Management of PAS is not yet standardized, although prior research has identified important principles and interventions associated with improved outcomes.

Enhanced recovery after surgery (ERAS) protocols operate on the principle that no single intervention is sufficient to improve surgical recovery outcomes. While the ERAS® Society has developed cesarean section bundles for antepartum, intraoperative, and postpartum care, there are still no specific guidelines for cesarean hysterectomy (c-hyst) and PAS. Bundling multiple evidence-informed approaches, however, can have a dramatic impact (10, 11). Using this paradigm, our institutional Multidisciplinary Approach to Placenta Service (MAPS) developed a protocol incorporating evidence-informed interventions to standardize pre-, intra- and postoperative care for patients undergoing c-hyst for prenatally suspected PAS. This study compares maternal and perinatal outcomes before and after implementation of the MAPS protocol. We hypothesize that compared to the pre-MAPS group, the post-MAPS group has improved outcomes.

2 Methods

This is a retrospective cohort study of patients who underwent c-hyst for PAS before and after implementation of the MAPS protocol on January 1, 2018. The study was approved by the University of California, San Francisco institutional review board.
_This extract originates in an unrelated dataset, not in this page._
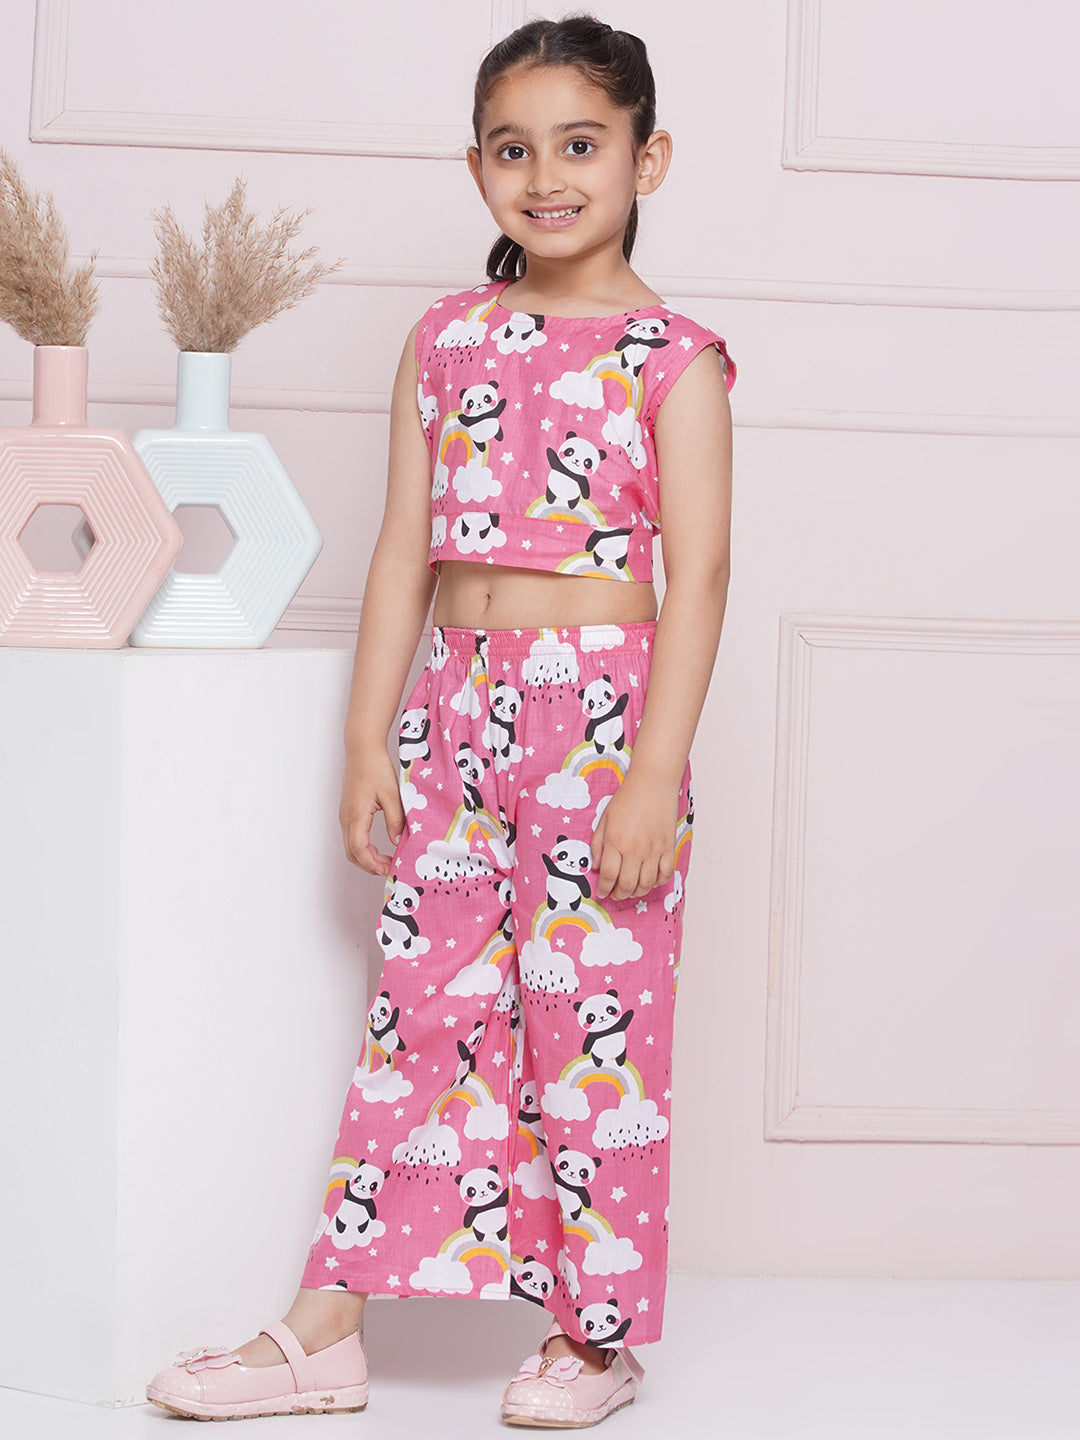 Pink Sleeveless Cotton CO-ORD Set with panda rainbow and cloud Print and Round Neck for Girls

Patients with ICD9 and 10 codes (043.21, 043.22, 043.32) for placenta accreta, placenta increta and placenta percreta between January 1, 2012, and December 31, 2017 were allocated to the pre-MAPS group, and patients who underwent MAPS consult and underwent c-hyst between January 1, 2018 and December 31, 2022 were allocated to the post-MAPS group. Patients were excluded if there was no suspicion for PAS on prenatal imaging or if c-hyst was performed for an indication other than PAS.

A nine-month period of overlap during which the protocol was implemented was considered a “washout period” to account for the elements of the protocol that occur from the time of referral to our center and delivery, i.e., those who underwent c-hyst immediately after implementation of the MAPS protocol in January 2018 would not have experienced all aspects of the protocol. Six patients underwent c-hyst during the “washout” period between January 1, 2018 and August 31, 2018 and were excluded from analysis.

Prior to MAPS implementation, PAS was managed without a standardized approach. After January 1st, 2018, all pregnant patients with PAS suspected on prenatal imaging were referred to the MAPS team and received treatment according to the protocol, which is summarized in Figure 1 and described in detail below.

Figure 1

Figure 1. Multidisciplinary approach to the placenta service protocol flow.

The preoperative elements of the MAPS protocol begins after referral to our center. After initial consultation with Maternal Fetal Medicine (MFM), the patient undergoes ultrasound (US) and magnetic resonance imaging (MRI) of the placenta. Next, there is a multidisciplinary case review to finalize the delivery plan. Five general obstetricians have been trained to manage a subset of PAS without routine gynecologic oncology (gynonc) participation. Services such as gynecologic oncology, vascular surgery, urologic surgery, transfusion medicine, and interventional radiology are utilized as needed determined by the multidisciplinary case review. In our center, a “hybrid” operating suite, i.e., an operating suite with both conventional surgical equipment and interventional radiology equipment, is available, so that both procedures can be performed without the need to move the patient to a different room. There are currently two hybrid ORs at our institution. In the MAPS protocol, patients with PAS undergo c-hyst in hybrid OR unless prevented by patient acuity prevents this. No element of the MAPS protocol is required; the delivery plan is individualized after team discussion.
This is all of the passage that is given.